Spoiler for just a guess

Since with each roll we add with equal probability between 1 and 6 to the running sum, the average step is 3.5. Then the probability would be 1/3.5 just like Bushindo calculated.

I'll try for exact formula later.

[BobbyGo]

Spoiler for I must be way off

I got an anwer of 0.2536043somethingsomethingmorenumbers

[bonanova]

Bushindo has seven decimal places; the Captain has it exactly, if surprisingly; and Prime has the insight.
A triple tag team solution! Good job all. So who gets the "solved" tag .... ?

The nod goes to Prime's explanation.

[Prime]

Thanks Bonanova. My explanation does look sound. But now, after I have taken some time to reflect, I must disprove and disown my solution.

Sure, the fraction that we found here is good for everyday gambling needs, but it is not the exact probability.

I suspect, Bushindo’s method would have produced the exact answer, had it not succumbed to rounding error.

 

Spoiler for Proof of falsehood, but not the answer.

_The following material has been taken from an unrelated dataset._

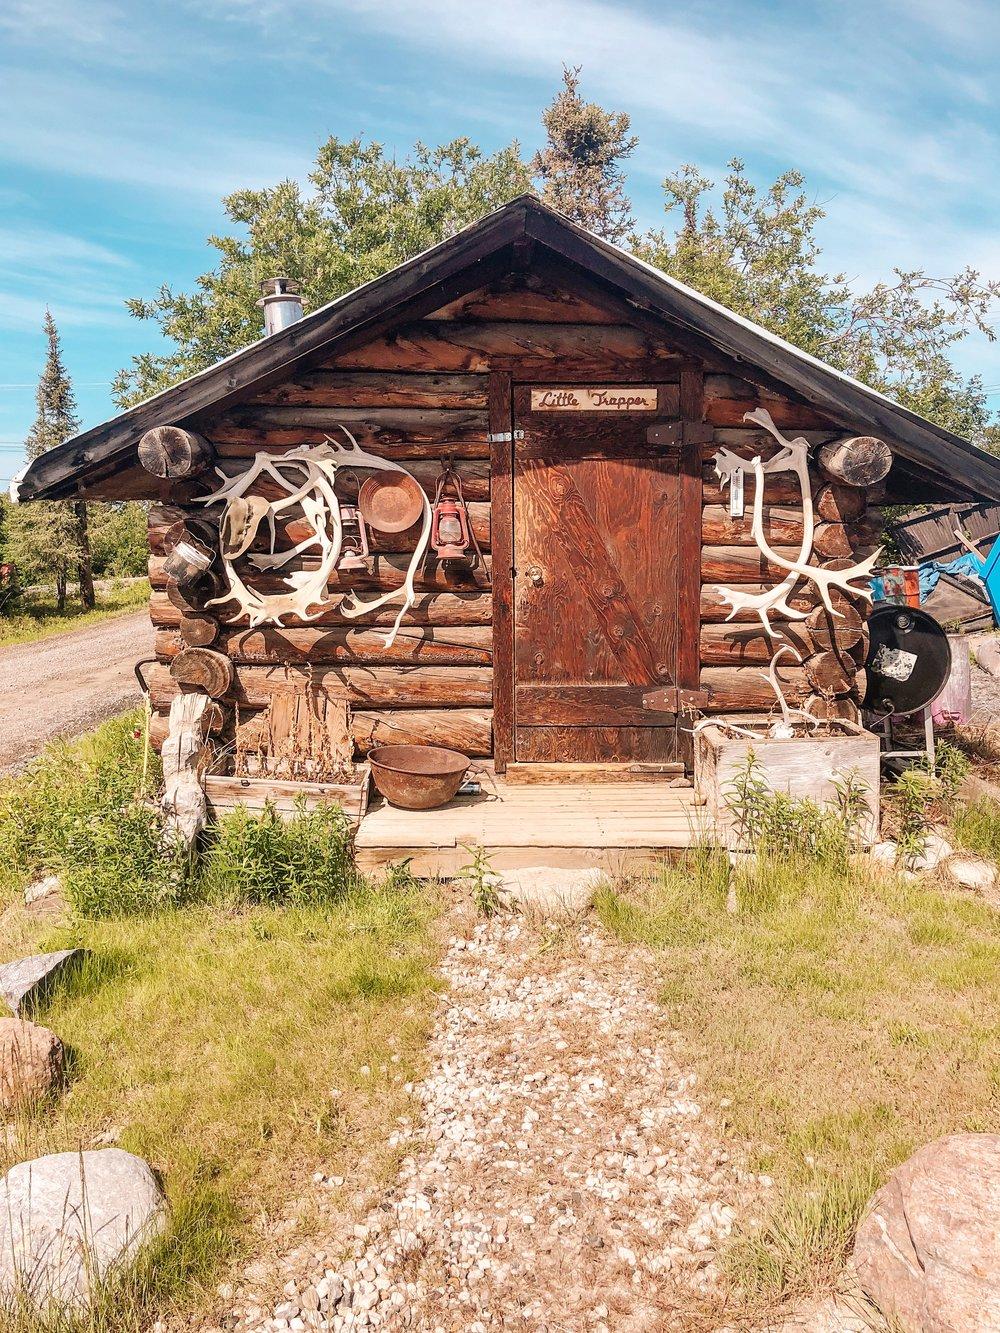 Trapper cabin in Inuvik, NWT Canada's arctic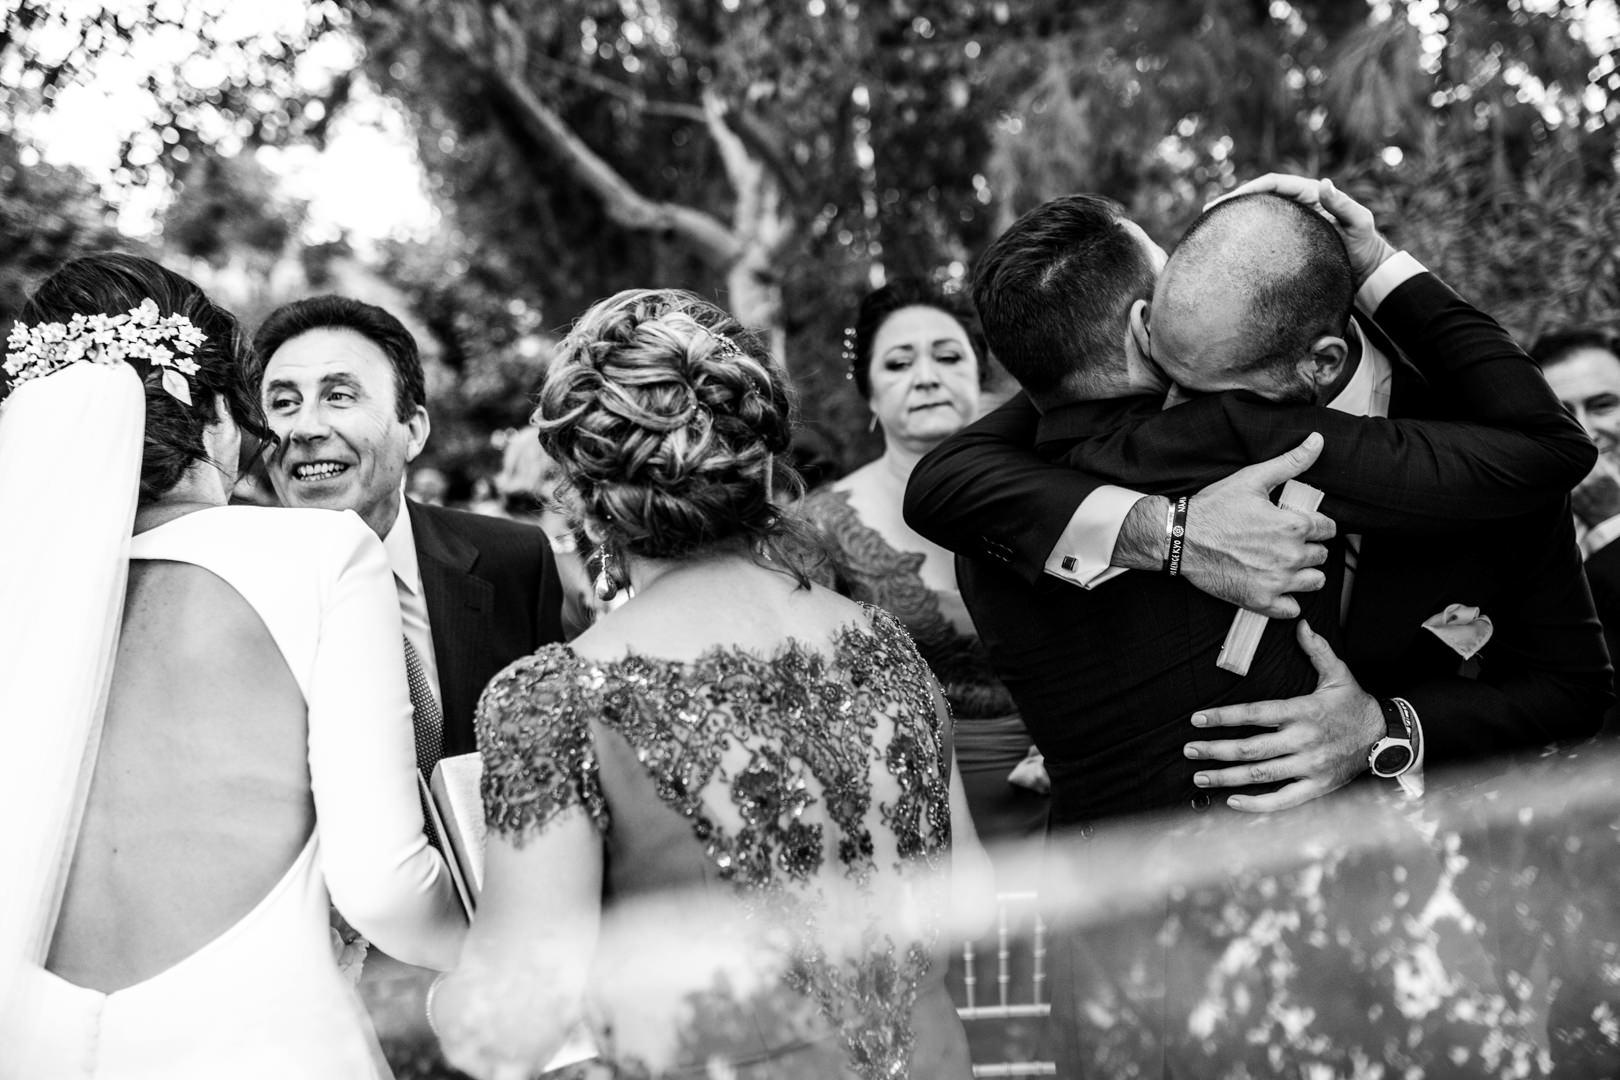 Boda-Irene-Marcos-Dos-Hermanas-Finca-Clotidle-engagement-Rafael-Torres-fotografo-bodas-sevilla-madrid-barcelona-wedding-photographer--28.jpg

Any number may or may not be an intermediate running total in this experiment. But there is one exception - zero! Zero running total will occur with 100% probability right before the very first roll.
Consequently, the probabilities for the first six numbers (1, 2, 3, 4, 5, and 6) to become intermediate totals are:
P₁= 1/6;
P₂ = (1+1/6)/6 = 7/6²;
P₃ = (1+1/6+7/6²)/6 = 7²/6³;
And in the like manner,
P₄  = 7³/6⁴;
P₅ = 7⁴/6⁵;
P₆ = 7⁵/6⁶;
Note, all the above probabilities are different from 2/7. First four are smaller, and the last two are higher.

From that point on we must change the method for probability calculation. Since a running total n can be obtained by a single roll from 6 preceding totals,
P_n = (P_n-1 + P_n-2 + P_n-3 + P_n-4 + P_n-5 + P_n-6)/6. Note, for P_n = 2/7, the sum of its six predecessors must be equal 12/7.

Let’s figure out the exact probability for P₇ using addition of the fractions, like they taught me at school. The common denominator for the first six probabilities is 6⁶, whereas the numerator of the sum becomes:
6⁵ + 7*6⁴ + 7²*6³ + 7³*6² + 7⁴*6 + 7⁵. Note, the numerator is modulo 1 with respect to 6.
Thus P₇ = (6⁵ + 7*6⁴ + 7²*6³ + 7³*6² + 7⁴*6 + 7⁵)/ 6⁷.

For P₈ we add up P₂ through P₇ and divide it by 6. To bring P₂ through P₆ fractions to the common denominator of 6⁷, we must multiply their numerators by various powers of 6. Whereas the numerator of P₇ remains modulo 1 with respect to 6 and so will the numerator of P₈.

Thus by induction we know that the exact fraction for P₁₃₇ has 6¹³⁷ in its denominator and a very big who knows what in the numerator, which is modulo 1 with respect to 6, however. The numerator of that fraction is not divisible by 2 and its denominator is not divisible by 7. Therefore, it cannot be exactly equal to 2/7. That big fraction cannot be simplified at all - the numerator and denominator have no common factors.

Whoever finds the numerator - will have solved the problem.

In Excel spreadsheet, the probabilities for intermediate totals oscillated around 2/7, until the application ran out of precision having reached 15 digits past decimal point at the intermediate total of 108.

[CaptainEd]

Prime, your "disproof" notwithstanding, we should congratulate you on your insight that has identified the limit towards which any experiment to 137 should tend (IMH and Naive Opinion). I'm interested to understand about Bushindo's recursive code. My contribution was only to respond to Bushindo's numeric result, as it matches the cyclic stream of digits I learned in childhood.

[BobbyGo]

Thanks Bonanova. My explanation does look sound. But now, after I have taken some time to reflect, I must disprove and disown my solution.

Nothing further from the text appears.